As pointed out by Igor Cornelsen, this valuable information does not mean people should stop running or exercising. Knowing the cause behind the tooth decay allows us to take preventative measures so we can continue to be healthy head to toe.

Fighting Obesity With Incentives

With the obesity crisis becoming more serious each day, the federal government has been trying to implement an array of initiatives to promote Americans to make healthier choices. The newest idea did not originate in Capitol Hill. But according to Rod Rohrich local farmers’ markets took it upon themselves to make healthy food more accessible. Started by diligent workers at the New York City Department of Health and Mental Hygiene in the Bronx and Harlem areas, the concept is quite simple.

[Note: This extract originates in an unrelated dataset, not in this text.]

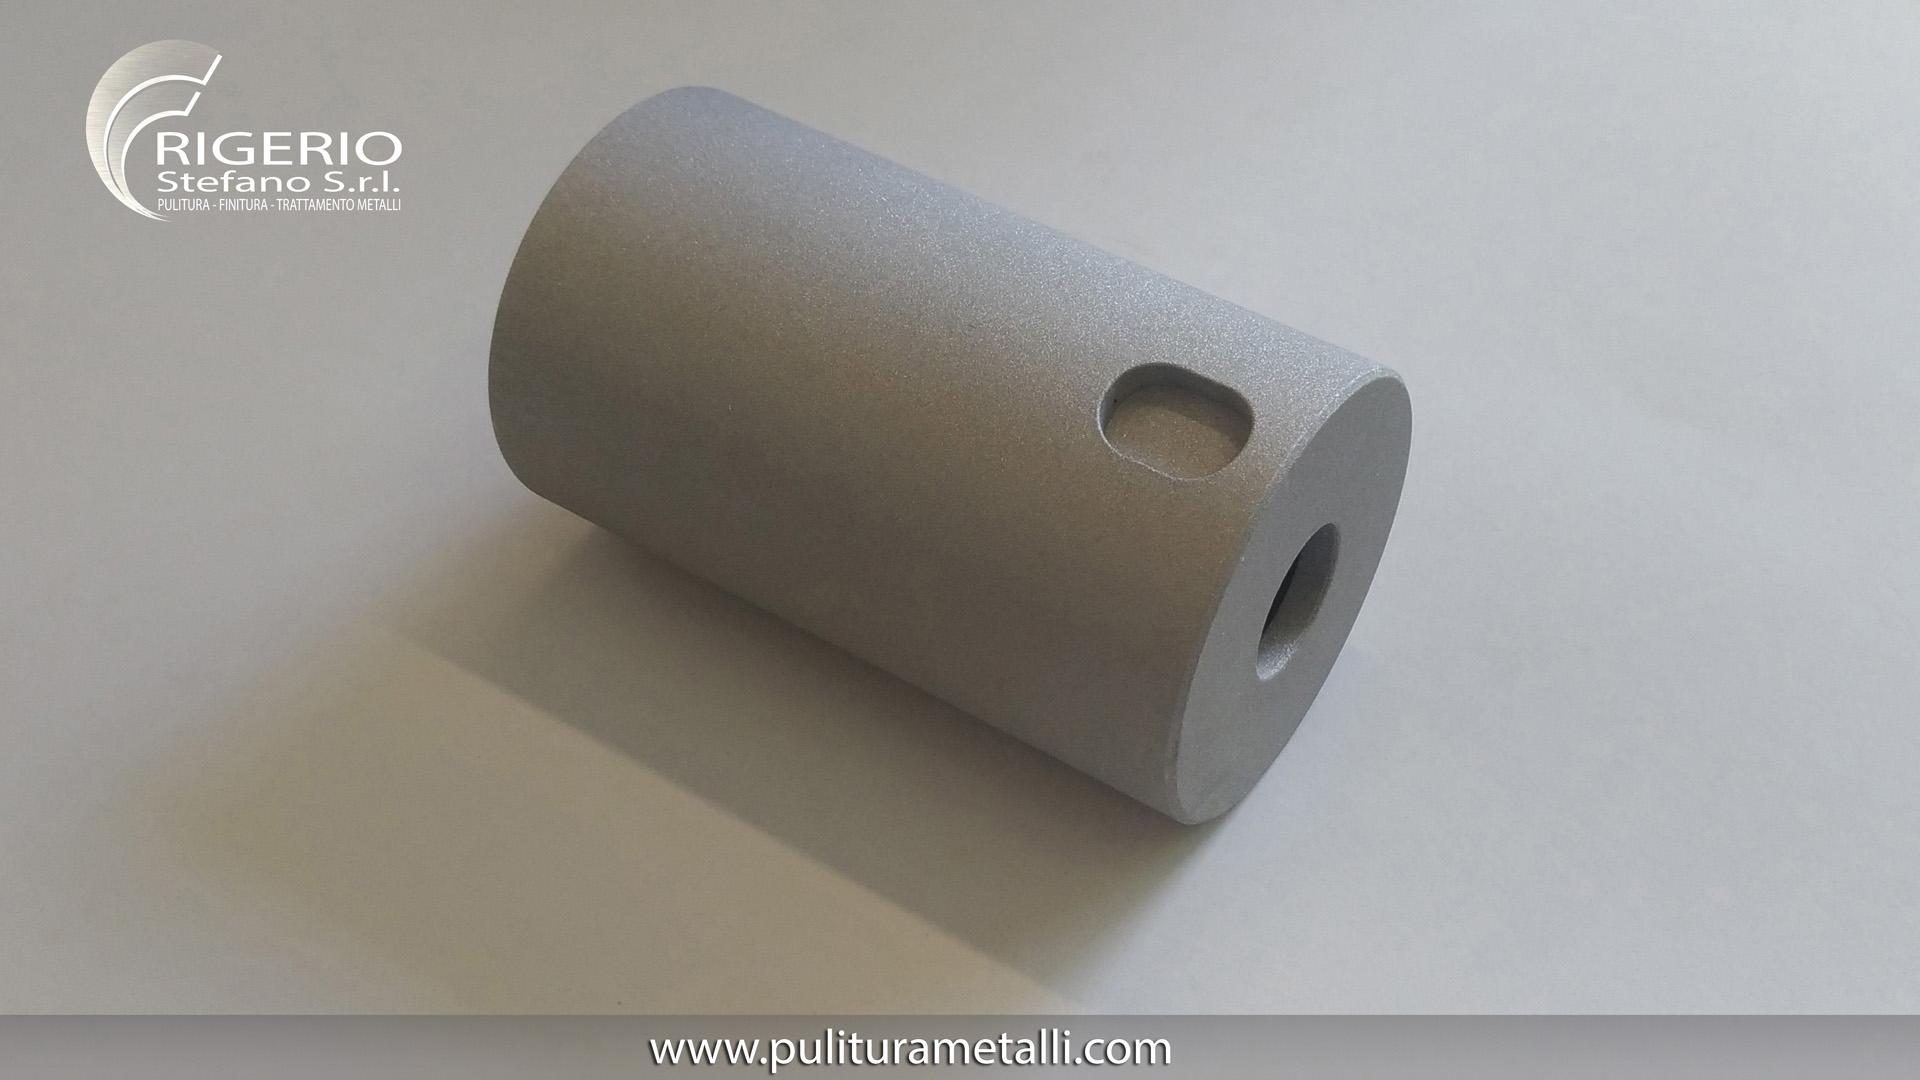 Pallinatura-Corindone - Lavorazione meccanica che conferisce al prodotto trattato un aspetto di rugosità uniforme e omogenea. Consiste nell'abrasione della superficie del metallo mediante un getto d'aria e sabbia (graniglia). La rugosità della superficie dopo sabbiatura dipende dalla pressione del getto, dal materiale e dimensione della graniglia utilizzata per l'abrasione. Viene effettuata usando microgranuli-polvere-sabbia di corindone. Il corindone è un minerale (ossido di alluminio) di elevata durezza e resistenza alle alterazioni. Utilizzato industrialmente per la preparazione di abrasivi. E' presente in varietà gemmologiche. (Smeriglio, Rubino, Zaffiro, …). Frigerio s.r.l. Pulitura – Finitura – Trattamento Metalli www.puliturametalli.com Una gamma completa di lavorazioni per i metalli. #Lucidatura #Smerigliatura #Satinatura #Sabbiatura #Pallinatura #magnetoscopio #qualità #criogenico #pulitura #metalli #puliturametalli #finiturametalli #trattamento #trattamenti ================================== Graphics & Movie edited by www.pigikappa.com

If someone spent $10 of their SNAP benefits at a local farmers’ market, they would receive an addition $4 of coupons called HealthBucks to buy more local produce.

Arguably, the main health issue to overcome in wealthy nations like America is not food scarcity, but, food accessibility. Often called food deserts, there many towns and neighborhoods in the United States that do not have easy and quick access to fresh food. Most of these communities are populated by people on programs like SNAP and WIC. These individuals and families need more assistance than the average American in accessing healthy foods. According to the New York Times, teenagers who can access supermarkets with fresh fruits and vegetables have a lower BMI. Even more importantly, teenagers who have easier access to gas station stores and convenience stores are more likely to have a higher BMI. Programs that incentivize healthier choices might just be the David to obesity’s Goliath.

Time to Get Off Your Couch – It May Be Killing You

There is nothing better than curling up on your comfy couch to relax with an evening of entertaining television. No one gives a thought to the materials or chemicals that are used to construct our islands of pleasure. Except for the team of scientists at the Silent Spring Institute.

In their most recent publication in “Environmental Science and Technology,” they reported that they have found that the chemicals found on flame retardant treated sofas is highly toxic. Unless you are literally eating your couch, you are probably not in any immediate danger.

The danger comes from the particles that are released into the air. These flame retardant chemicals are not manufactured directly into the materials, they are applied by the manufacturer who constructs the couch. This means that the material can be broken down and released into the air along with dust.

There are some ways of minimizing the amounts of these chemicals that are released into the air. One way is to keep the dust on the couch at a minimal level like Mike Livak does. Using a damp cloth to wipe over the back, sides, seats, and arms of a couch will help to limit the amount of dust that is stirred around. Another help is to vacuum regularly with a hepa-filtered vacuum. This will trap the unwanted particles and eliminate them from the air. A third option is to buy a couch that is not treated with these possibly toxic chemicals.

Weights before Cardio, Which First?

For many people who both train with weights, and include cardio in their workout, there has always been those who say one should come before the other. Others say: either one per workout, but not both.

Well, studies have shown that really there is no wrong way to combine cardio and weight lifting. Essentially, they can be done together or separately, but are most effective when combined. It is also true that the order in which they are done really has no consequence.

It is most important to do the workout that works best for you. Many prefer to lift then jog or ride a bike. Do whatever works. Some like to do the cardio side of the workout first. The findings illustrate that there is no significant difference between when the cardio or weight training is done, just don’t make it into a slow venture, make sure that you stick to your routine long term.

So, the next time you are at the gym, do what feels most comfortable to you. It is not the order tht you do it, but the amount of effort that is put into both aspects of training that causes significant muscle changes in the person who is training. Feel comfortable when you workout. Do what works for you.